本申请实时或定时侦测故障的主用OSD;当侦测到一故障的主用OSD时,根据预先确定的对象数据与PG之间的映射关系,确定所述故障的主用OSD中存储的各个对象数据对应的PG,并将确定的各个所述PG作为故障PG;将所有所述故障PG对应的所有对象数据的副本配置量从第一预设数量减少为第二预设数量;从所述备用OSD组中选择一个备用OSD作为新的主用OSD,用所述新的主用OSD置换所述故障的主用OSD,并将所有所述故障PG对应的所有对象数据的副本配置量从第二预设数量增加为第一预设数量。相较于现有技术,本申请在分布式存储系统一OSD发生故障时,将故障PG对应的所有对象数据的副本配置量从第一预设数量减少为第二预设数量,使分布式存储系统识别当前故障PG副本数量满足其副本配置量,因此,不会对该故障OSD进行数据重构,也就不会造成OSD之间大量的数据迁移。可见,本申请在OSD故障处理过程中,减少了OSD之间的数据迁移量。
附图说明
为了更清楚地说明本申请实施例或现有技术中的技术方案,下面将对实施例或现有技术描述中所需要使用的附图作简单地介绍,显而易见地,下面描述中的附图仅仅是本申请的一些实施例,对于本领域普通技术人员来讲,在不付出创造性劳动的前提下,还可以根据这些附图示出的结构获得其他的附图。

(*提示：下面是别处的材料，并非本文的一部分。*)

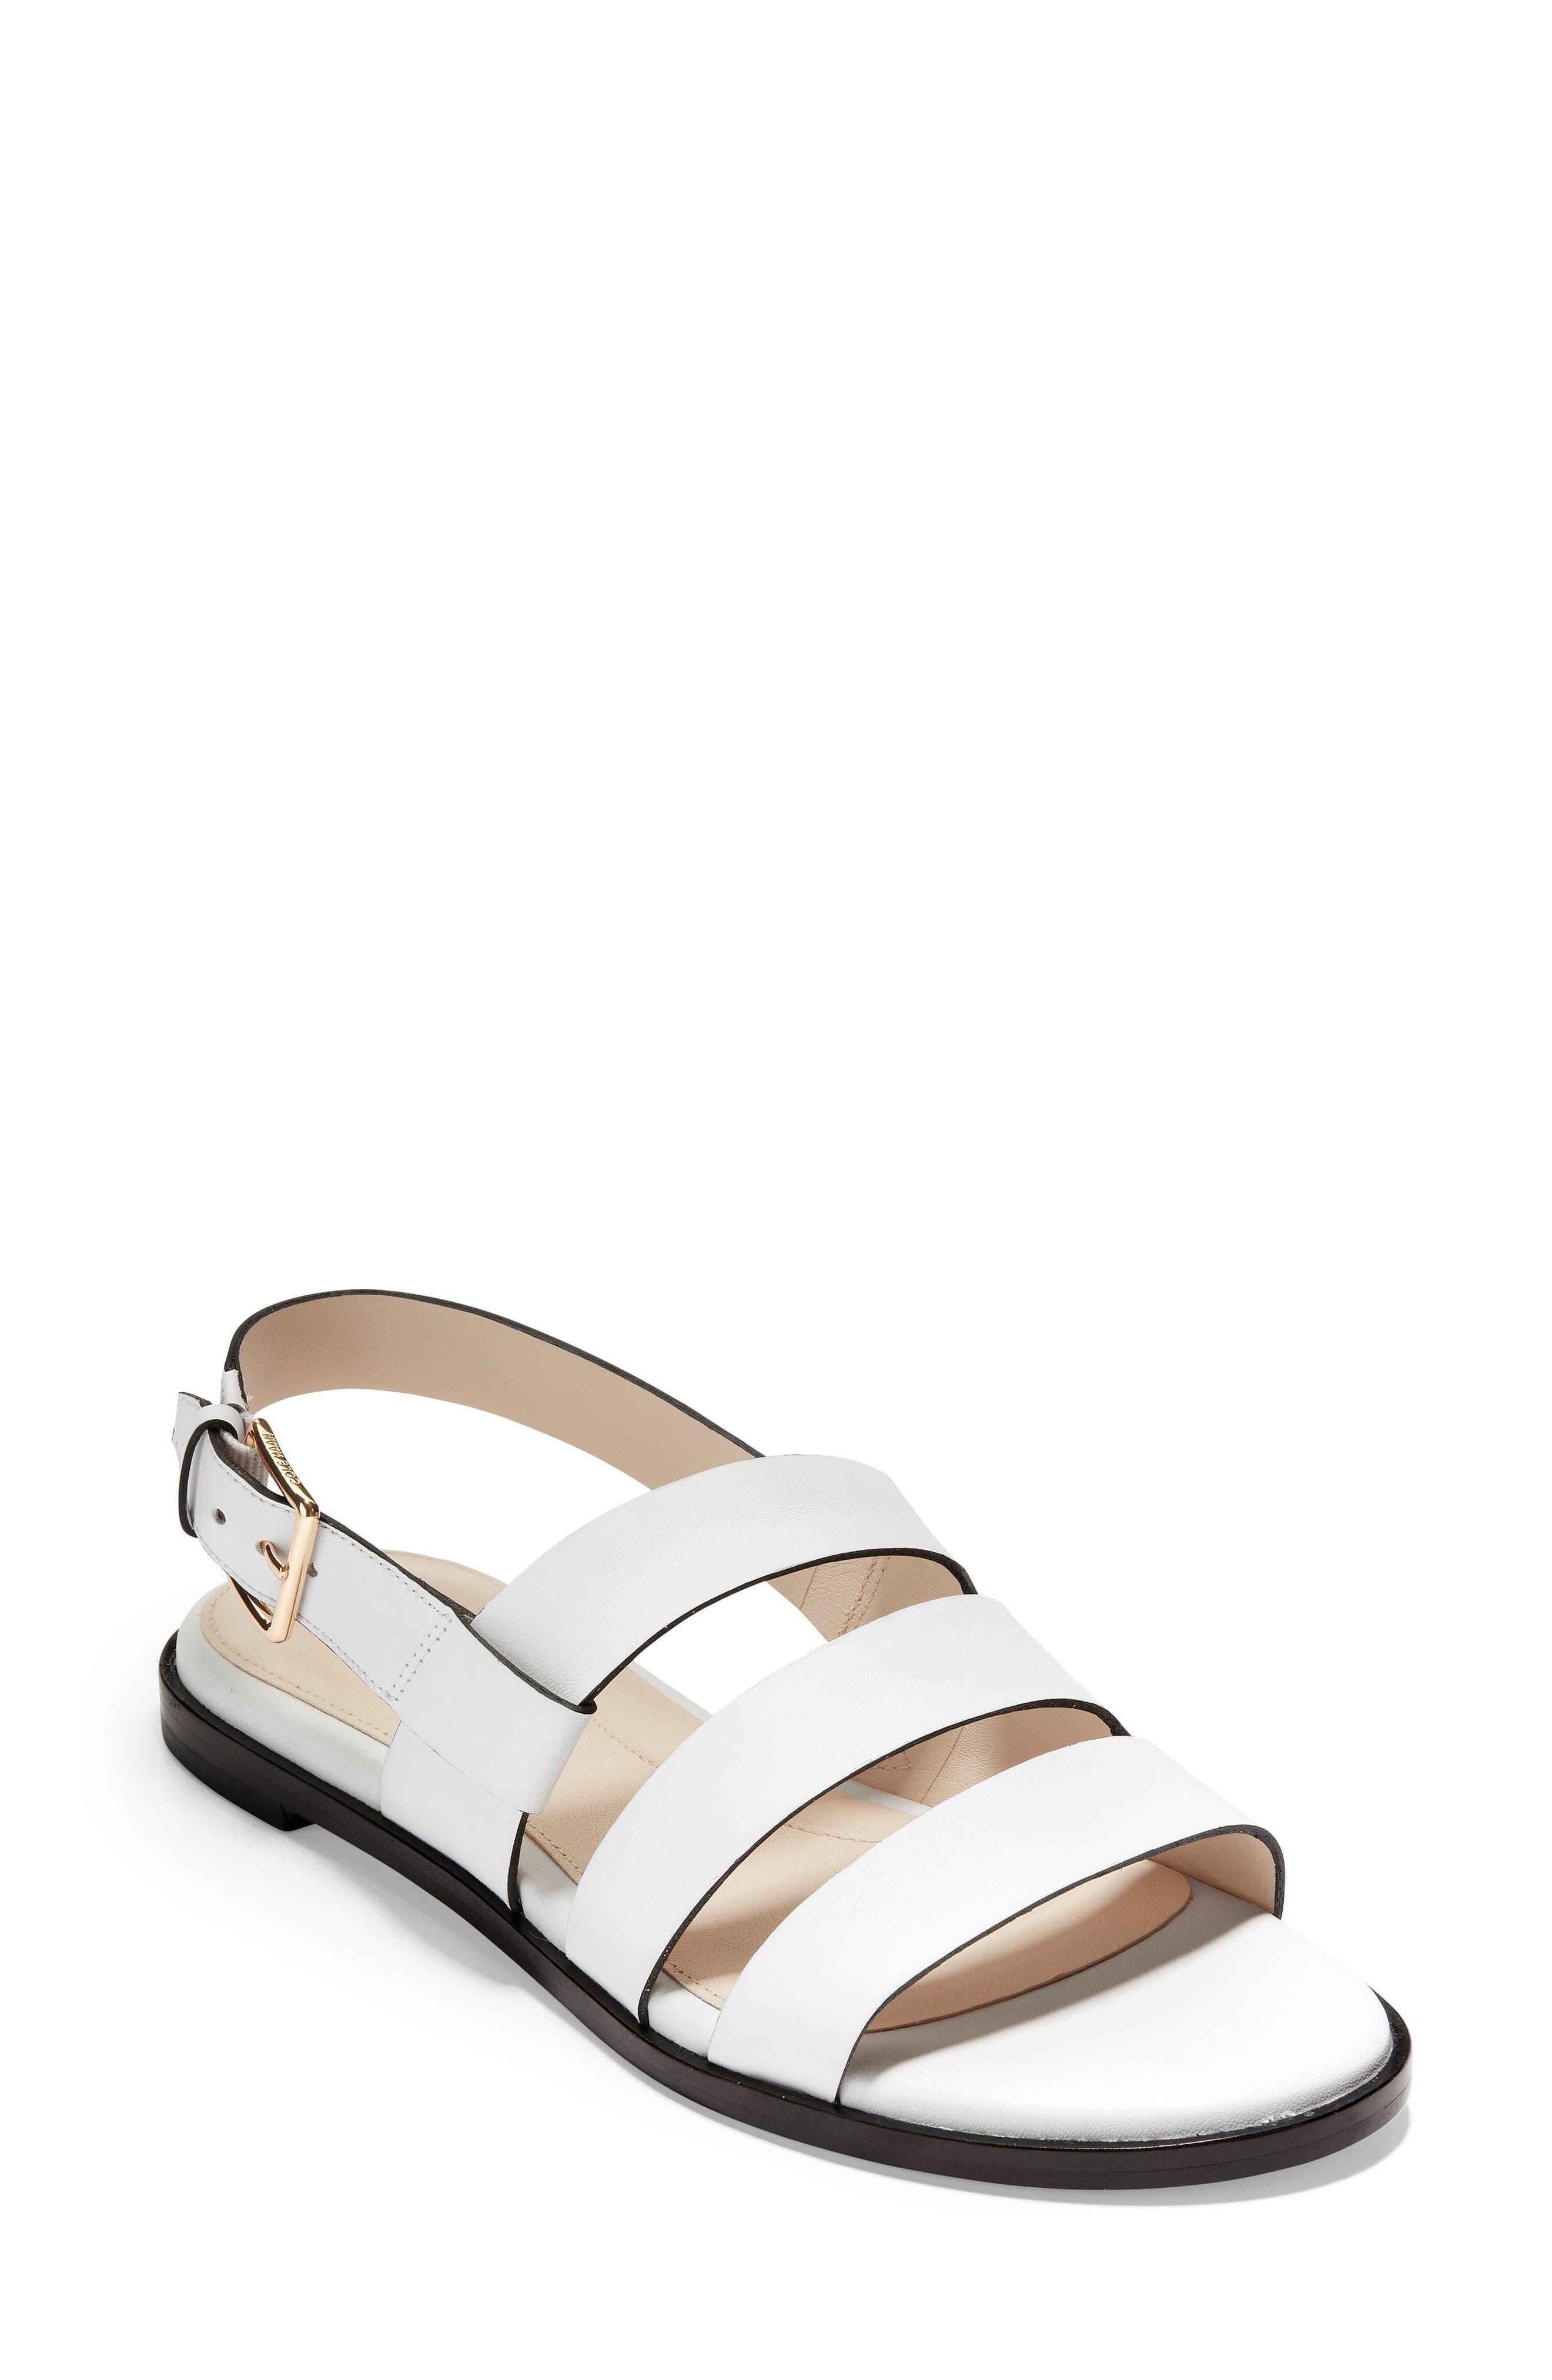 Cole Haan Anela Sandal B - White

图1为本申请分布式存储系统第一实施例的系统架构示意图;
图2为本申请分布式存储系统的存储关系示意图;
图3为本申请故障处理程序第一实施例的运行环境示意图;
图4为本申请故障处理程序第一实施例的程序模块图;
图5为本申请故障处理方法第一实施例的流程示意图。
本申请目的的实现、功能特点及优点将结合实施例,参照附图做进一步 说明。
具体实施方式
以下结合附图对本申请的原理和特征进行描述,所举实例只用于解释本申请,并非用于限定本申请的范围。

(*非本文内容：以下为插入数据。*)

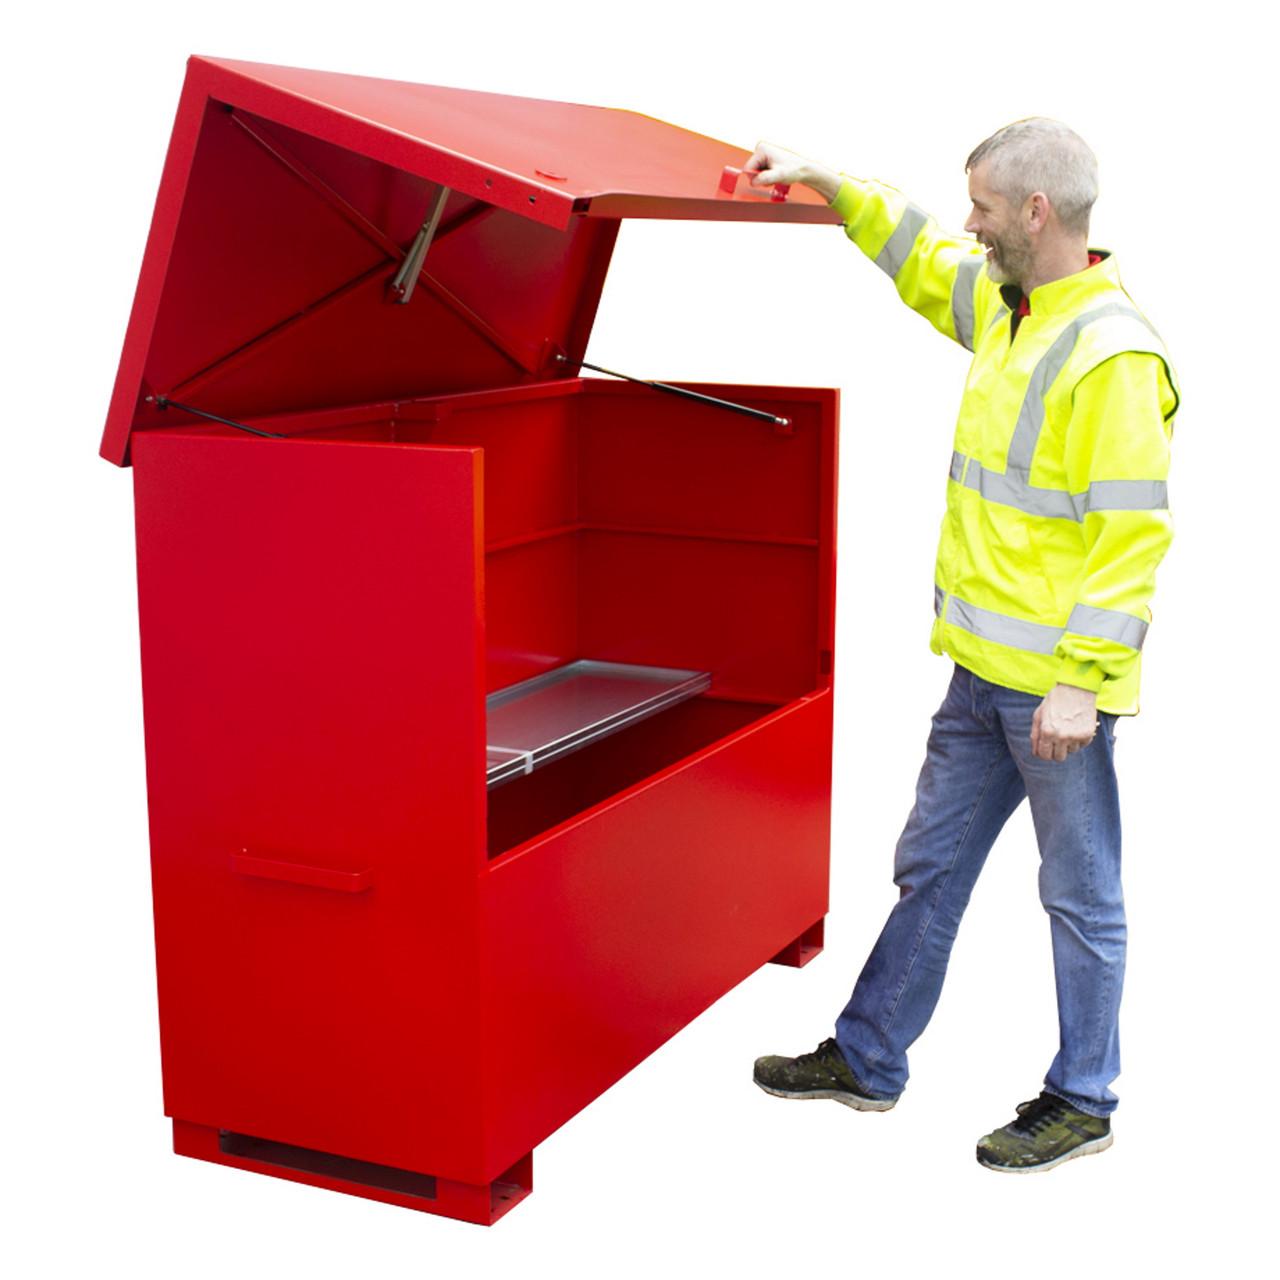 CS9 Chemstor Storage Box 1585mm x 675mm x 1278mm

参阅图1所示,是本申请分布式存储系统第一实施例的系统架构示意图。
在本实施例中,分布式存储系统包括多个主用OSD31及至少一个备用OSD组,所述备用OSD组包括若干个备用OSD32,其中,各个主用OSD31和备用OSD32可设置于各个主机3中,例如,一台主机3中至少设置一个主用OSD31及至少一个备用OSD32,且各个主用OSD31、备用OSD32之间通信连接(例如,通过网络2通信连接)。

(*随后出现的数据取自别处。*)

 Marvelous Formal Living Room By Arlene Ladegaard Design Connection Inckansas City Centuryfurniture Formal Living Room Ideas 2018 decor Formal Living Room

在一些应用场景中,分布式存储系统中还设置有电子装置1,该电子装置1与各个主用OSD31、备用OSD32之间通信连接(例如,通过网络2通信连接)。
在一些应用场景中,上述电子装置1独立于分布式存储系统设置,且与分布式存储系统通信连接(例如,通过网络2通信连接)。
本实施例中,上述分布式存储系统中的最小存储单元为对象数据(object),一个对象数据是一个大小不超过规定数值(例如,4MB)的数据块,各个对象数据被映射至对应的PG中,该分布式存储系统不会直接操作对象数据,而是以PG为基本单位进行数据处理(例如,数据寻址、数据迁移等)。
上述分布式存储系统支持多副本策略,例如,预先设置该分布式存储系统中PG对应的对象数据的副本配置量为第一预设数量(如,三个),则代表一个PG中所有的对象数据存在第一预设数量的副本(拷贝),且该PG中所有的对象数据的各个副本分别被对应存储至第一预设数量的OSD中。例如,图2中PG1.1中各个对象数据的3个副本分别存储于OSD.0、OSD.1及OSD.2中,则OSD.0、OSD.1及OSD.2中均分别存储有PG1.1中所有对象数据。由于该分布式存储系统以PG为基本单位进行数据处理,因此,在下面各实施例中,将一个PG中所有的对象数据的一个拷贝(副本)称为该PG的PG副本。
下面,将基于上述分布式存储系统和相关设备,提出本申请的各个实施例。
本申请提出一种故障处理程序。请参阅图3,图3为本申请故障处理程序第一实施例的运行环境示意图。
在本实施例中,故障处理程序10安装并运行于电子装置1中。电子装置1可以是桌上型计算机、笔记本、掌上电脑及服务器等计算设备。该电子装置1可包括,但不仅限于,通过程序总线相互通信的存储器11及处理器12。图3仅示出了具有组件11、12的电子装置1,但是应理解的是,并不要求实施所有示出的组件,可以替代的实施更多或者更少的组件。
存储器11在一些实施例中可以是电子装置1的内部存储单元,例如该电子装置1的硬盘或内存。存储器11在另一些实施例中也可以是电子装置1的外部存储设备,例如电子装置1上配备的插接式硬盘,智能存储卡(Smart Media Card,SMC),安全数字(Secure Digital,SD)卡,闪存卡(Flash Card)等。进一步地,存储器11还可以既包括电子装置1的内部存储单元也包括外部存储设备。存储器11用于存储安装于电子装置1的应用软件及各类数据,例如故障处理程序10的程序代码等。存储器11还可以用于暂时地存储已经输出或者将要输出的数据。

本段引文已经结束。